但是，我當前代碼的 output 將 10 篇文章中的所有段落存儲到 1 個列表中。 我想知道如何將每個段落存儲到一個字典中，這是它所屬的文章，並將所有字典保存到 1 個列表中？

任何幫助將不勝感激！

import requests
from bs4 import BeautifulSoup
import json

response=requests.get('https://www.nytimes.com/search?query=china+COVID-19')
response.encoding='utf-8'
soupe=BeautifulSoup(response.text,'html.parser')

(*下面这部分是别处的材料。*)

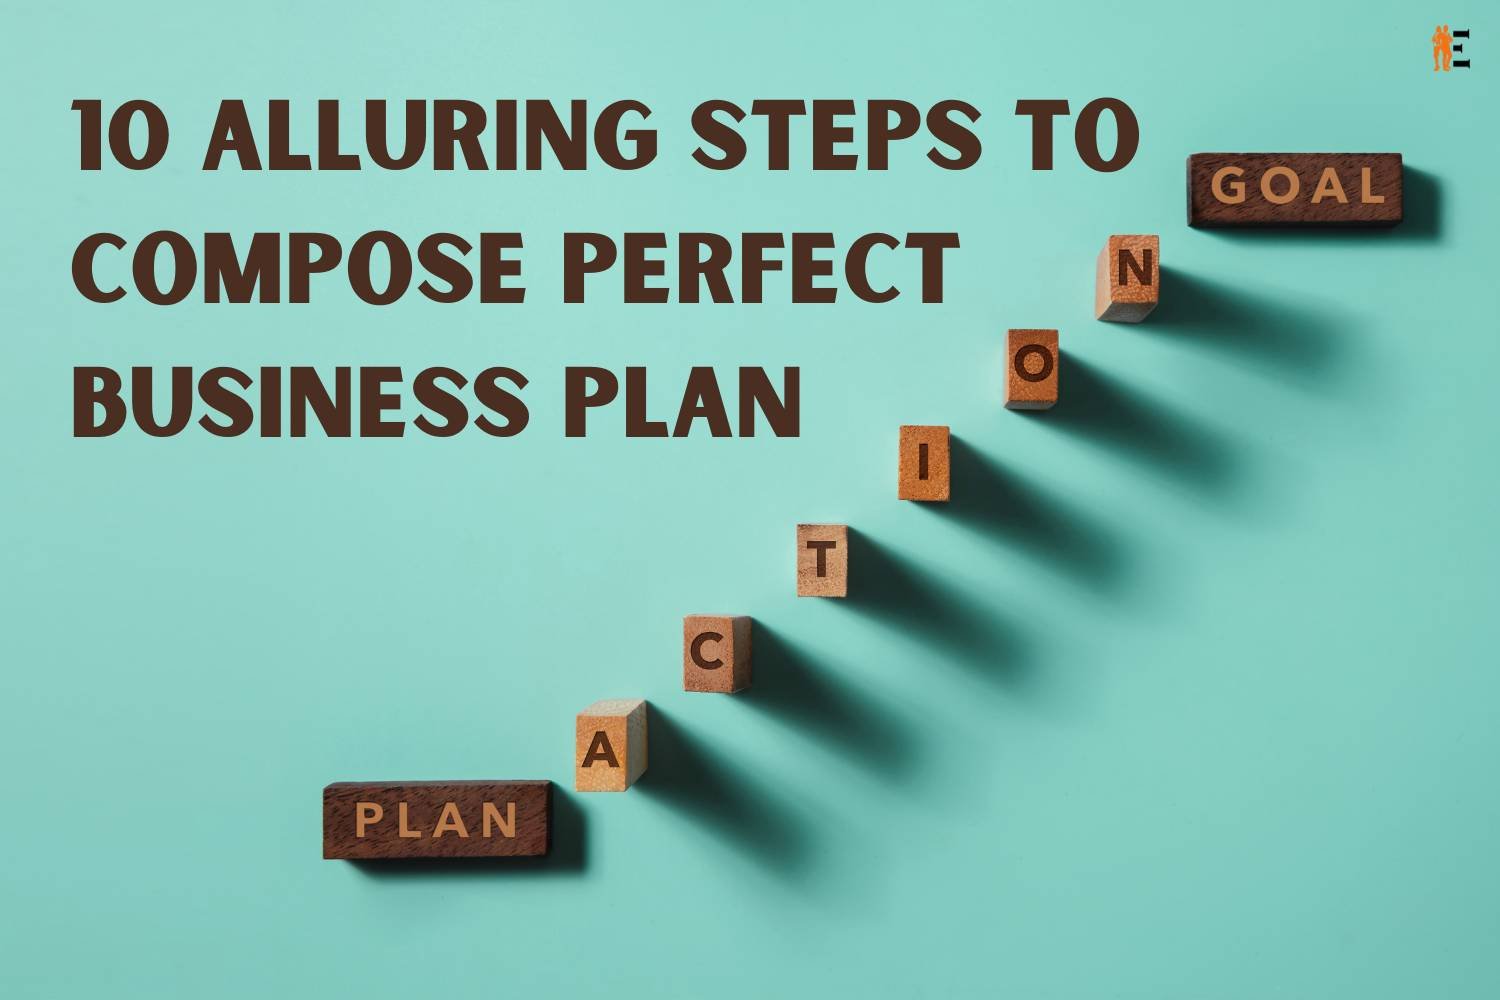 10 Alluring Steps to Compose Perfect Business Plan | The Entrepreneur Review

links = soupe.find_all('div', class_='css-1i8vfl5')

pagelinks = []
for link in links:
    url = link.contents[0].find_all('a')[0] 
 pagelinks.append('https://www.nytimes.com'+url.get('href')) 


articles=[]  

for i in pagelinks:
    response=requests.get(i)
    response.encoding='utf-8'
    soupe=BeautifulSoup(response.text,'html.parser') 
    for p in soupe.select('section.meteredContent.css-1r7ky0e div.css-53u6y8'):
        articles.append(p.text.strip())
print('\n'.join(articles))

Answer 1

import urllib3
from bs4 import BeautifulSoup as bs

def scrape(url):
    http = urllib3.PoolManager()
    response = http.request("GET", url)
    soup_page = bs(response.data, 'lxml') # you have to install lxml package
    # pip install lxml
    articles = []

    containers = soup_page.findAll("div", attrs={'class': "css-1i8vfl5"})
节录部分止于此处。